We need to find biomarkers for prognostic, diagnostic and personalised treatment development. Notably to fight cancers that affect tissues. Since biopsies are invasive, it’s better to look for biomarkers in body fluids. Indeed, a simple blood sample becomes a kind of ‘liquid biopsy’ to reveal tissues affections. For 13 years, increasing interest has been shown for miRNA as biomarkers and it will last for sure. The 2 main reasons are that they are major regulators of cell processes and they are released from tissues into the blood. They are major biomarker candidates in serum and plasma. Thus, these circulating miRNA (cmiRNA) are the best hope for modern medicine. Still, a lot of research has to be done to determine the specific signature for each pathology, and also depending on the patient background. Obviously, cmiRNA profiling is a key step and requires sensitive and reproducible method. Sequencing, qRT-PCR, several kind of microarrays… Let’s explore together what the best approach could be.
Next Generation Sequencing to discover unknown miRNA
The most trendy method to find miRNA biomarkers is the sequencing of the small RNA transcriptome (small-RNA seq). It deserves genuine interest since it can cover the whole miRnome (miRNA transcriptome) bringing qualitative and quantitative data. It has also unique advantage over the other methods: it can reveal unknown miRNA. So to discover miRNA that are not yet in database, it is undoubtedly the most dedicated choice.

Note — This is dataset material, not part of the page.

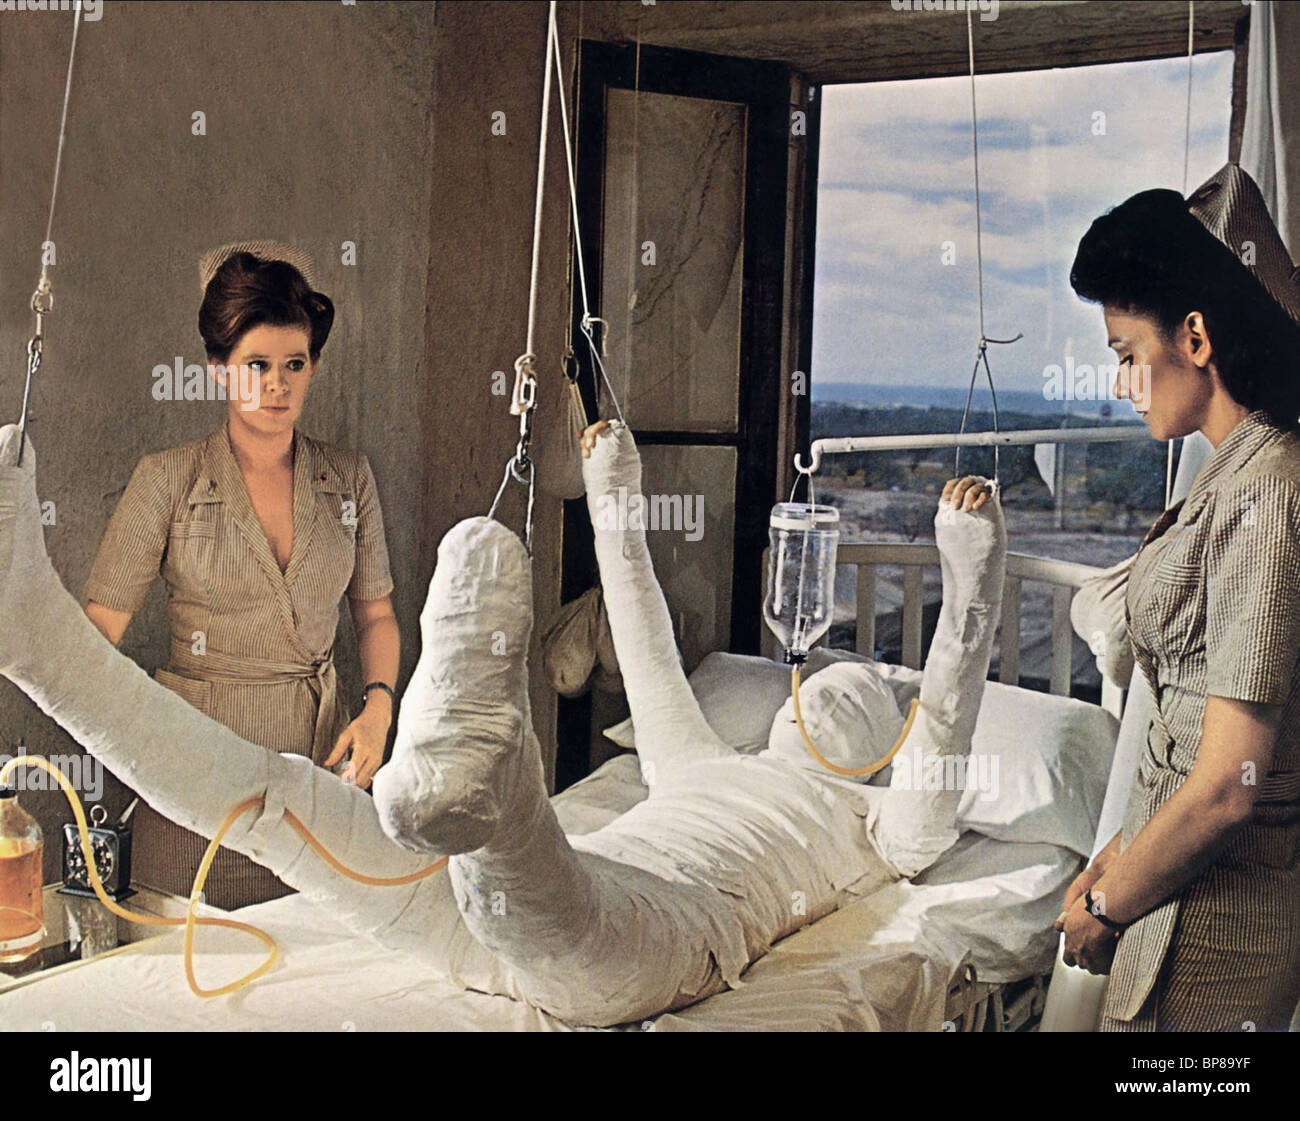 bandaged-man-in-hospital-catch-22-1970-BP89YF.jpg

The deeper the sequencing, the better the quality of results will be and thus the analysis. So, it matters a lot to have maximum reads for miRNA sequences. I don’t mean to mention an extensive and complete list of the challenges and the solutions, nor the pros and cons of this method. Nevertheless, I think that the challenge of removing the dimer of adaptor must be withdrawn because it concerns the quality of the reads.
When preparing a small-RNA seq library, adaptors in 5′ and 3′ ends must be added to each small RNA of the transcriptome. Unfortunately, adaptors form dimers that take quite a lot of reads (Figure 1, dark grey). Now, there is a solution called CleanTag. It is a kit to ensure ligation of the adaptors reducing greatly the dimers formation.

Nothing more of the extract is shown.